1. To determine the time when Jonas is closest to you, we can break down the problem into different time intervals and calculate the minimum distance during each interval.
a) At midnight, you are 60 feet due north of Jonas. Let's assume the initial position of Jonas is the origin (0,0) on a coordinate plane.
b) You run due east at ten feet per second. This means your position can be determined by the equation x = 10t, where x is the horizontal distance traveled and t is the time in seconds.
c) Jonas walks two feet per second due north. This means Jonas' position can be determined by the equation y = 2t, where y is the vertical distance traveled and t is the time in seconds.
d) Now, we need to find the time when Jonas is closest to you. To do this, we need to calculate the distance between your position and Jonas' position at different times. The distance formula is given by D = sqrt((x2 - x1)^2 + (y2 - y1)^2).
e) In this case, x1 = 0 (initial x-position of Jonas), y1 = 0 (initial y-position of Jonas), x2 = 10t (your x-position), and y2 = 60 - 2t (your y-position). Plugging in these values into the distance formula, we get D = sqrt((10t - 0)^2 + (60 - 2t - 0)^2).
f) Simplifying the distance formula, we have D = sqrt(100t^2 + 3600 - 240t + 4t^2).
g) To find the minimum distance, we can take the derivative of D with respect to t, set it equal to zero, and solve for t.
h) Once we find the value of t, we can substitute it back into the equation for D to find the minimum distance and determine how many seconds after midnight Jonas is closest to you.
2. To find the dimensions of the cheapest building, we need to consider the cost of each component and minimize the total cost.
a) Let's assume the width of the floor is w and the length is 2w (twice the width).
b) The volume of a rectangular box is given by V = length × width × height.
c) In this case, we know the volume (V) is 500,000 cubic feet. So, we have 500,000 = 2w × w × h, where h is the height of the box.
d) Rearranging the equation, we have h = 500,000 / (2w^2).
e) The cost of the floor is given by the area of the floor (length × width) multiplied by the cost per square foot (which is $3). So, the cost of the floor is C_floor = 3 × (2w × w).

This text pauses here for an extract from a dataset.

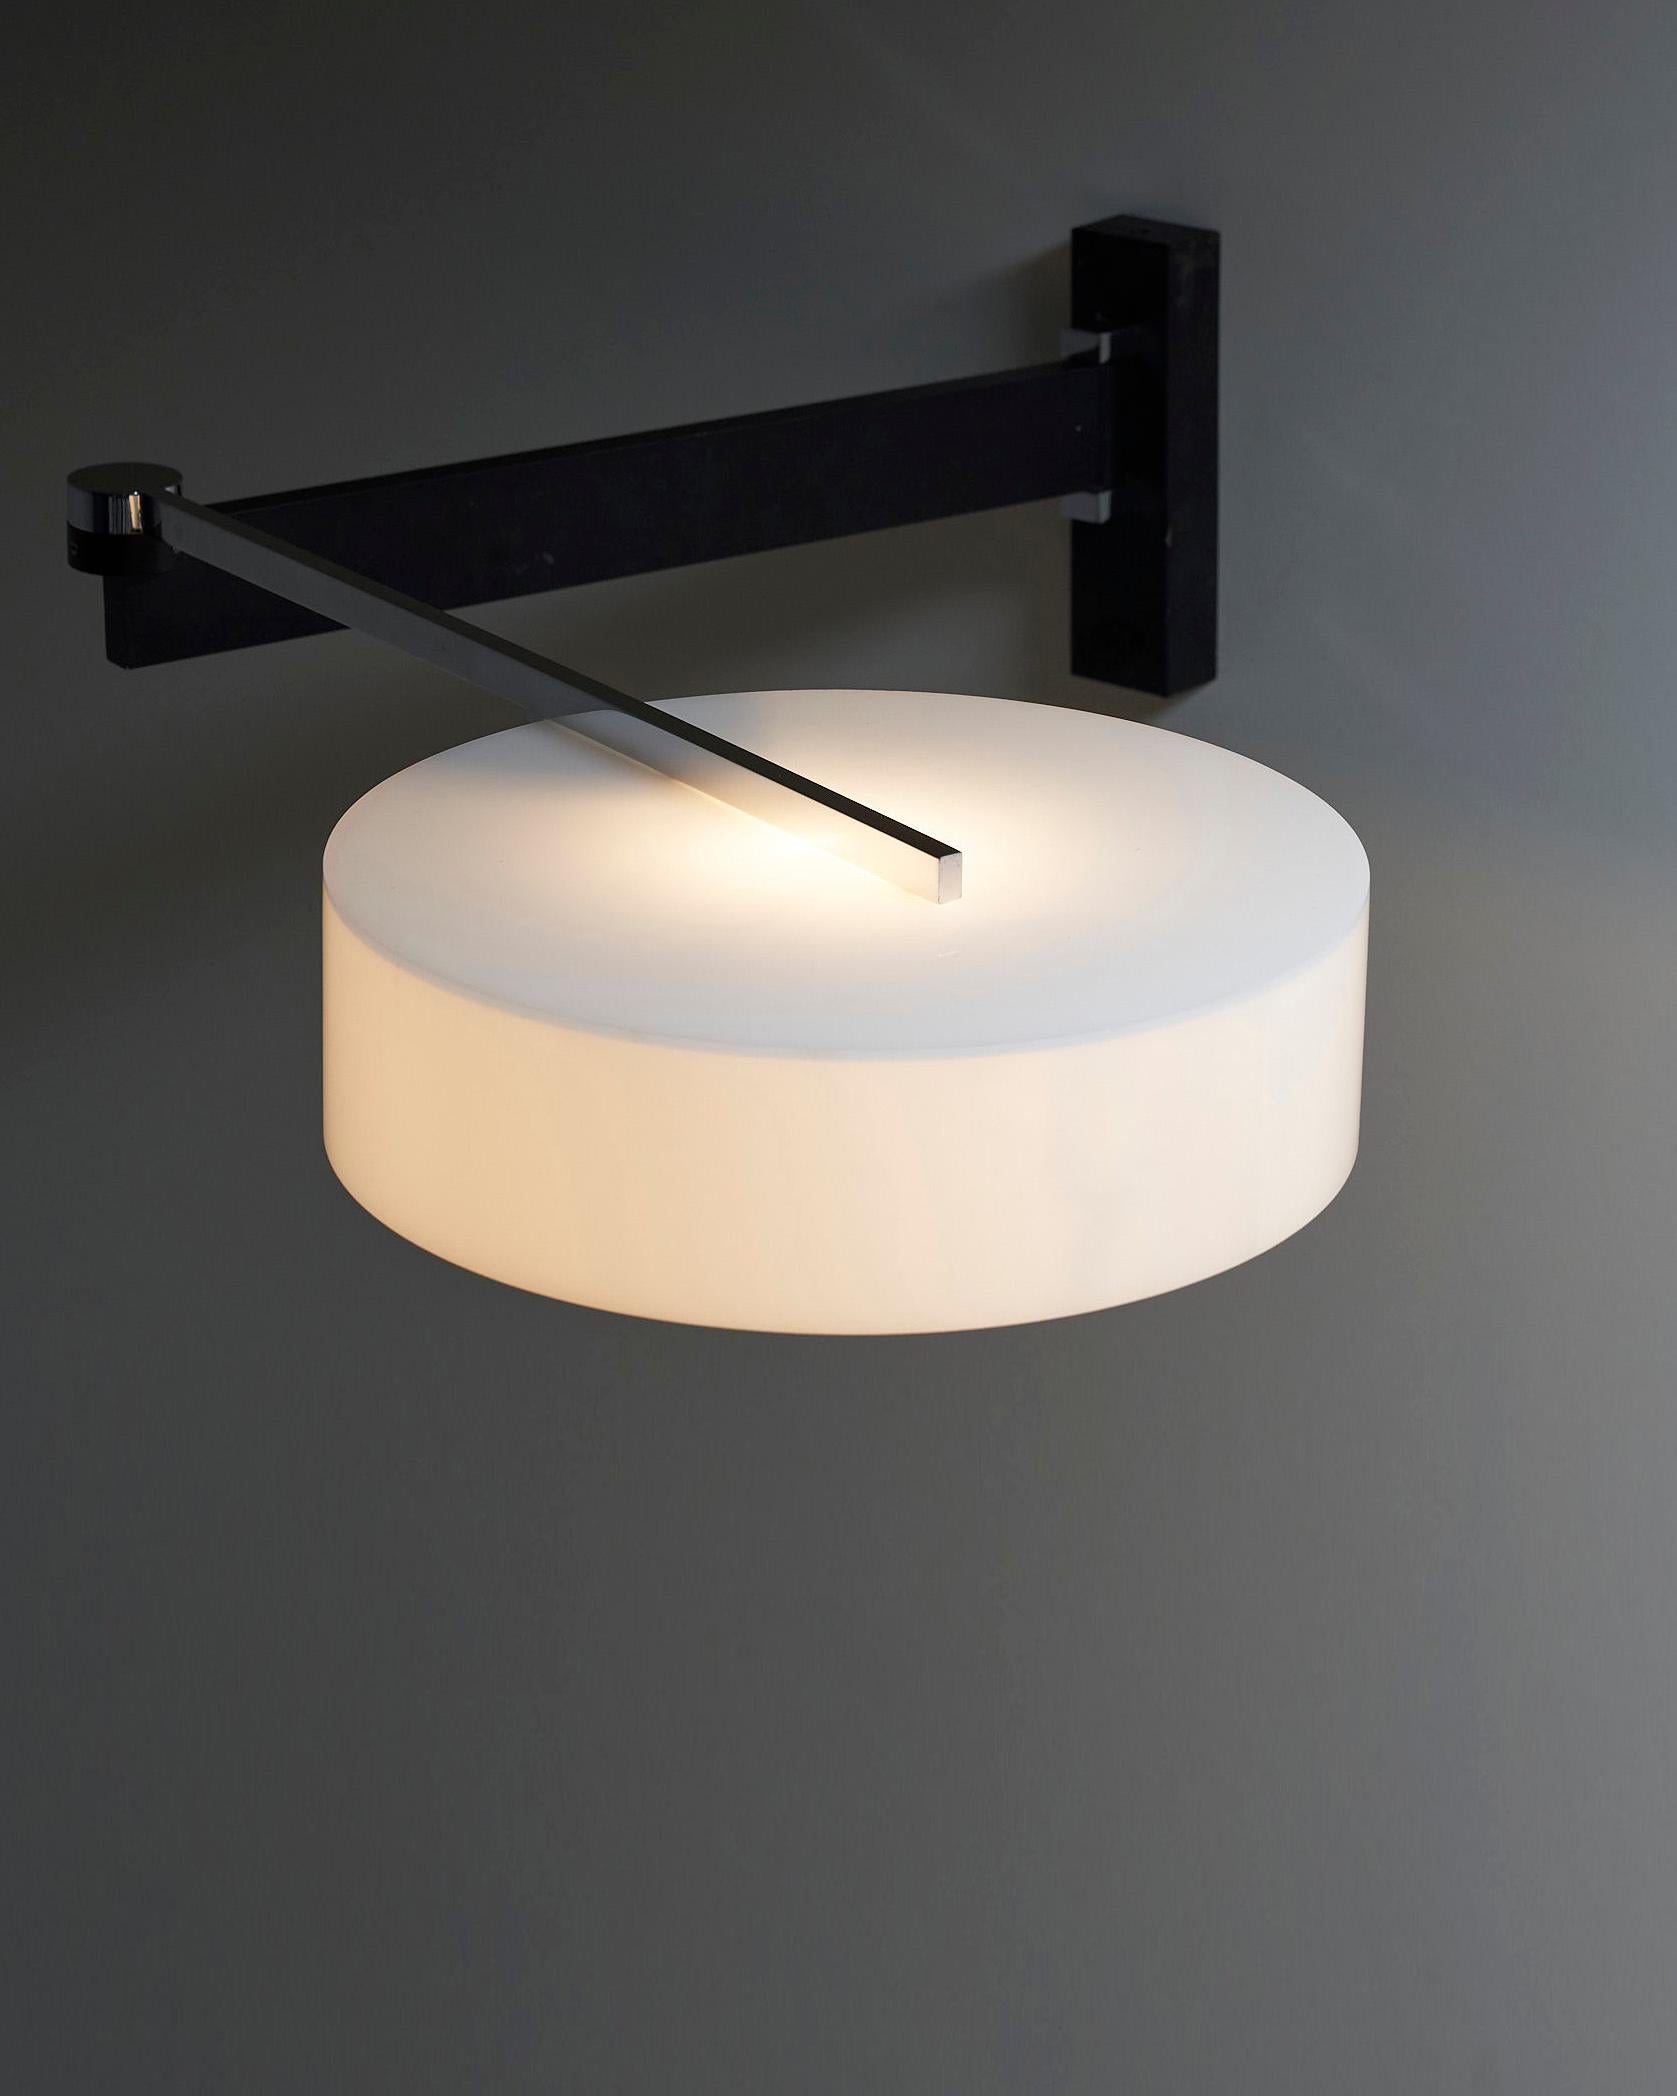 Die Swivel Arm Wall Lamp von Cosack ist eine atemberaubende und elegante Beleuchtungslösung, die Stil und Funktionalität vereint. Diese Wandleuchte besticht durch ihr raffiniertes Design, das jede Einrichtung aufwertet.

Die Leuchte ist mit zwei

f) The cost of the vertical walls is given by the area of the four walls (2 × length × height + 2 × width × height) multiplied by the cost per square foot (which is $4). So, the cost of the vertical walls is C_walls = 4 × (2(2w × h) + 2(w × h)).
g) The cost of the ceiling is given by the area of the ceiling (length × width) multiplied by the cost per square foot (which is $5). So, the cost of the ceiling is C_ceiling = 5 × (2w × w).
h) The total cost is given by adding the cost of the floor, walls, and ceiling: C_total = C_floor + C_walls + C_ceiling.
i) Substitute the expressions for C_floor, C_walls, and C_ceiling into the equation for C_total.
j) To minimize the cost, we can differentiate C_total with respect to w, set it equal to zero, and solve for w.
k) Once we find the value of w, we can calculate the corresponding length (2w) and height (500,000 / (2w^2)) to determine the dimensions of the cheapest building.
l) Finally, substitute the dimensions into the cost equation C_total to find the cost of the building to the nearest dollar.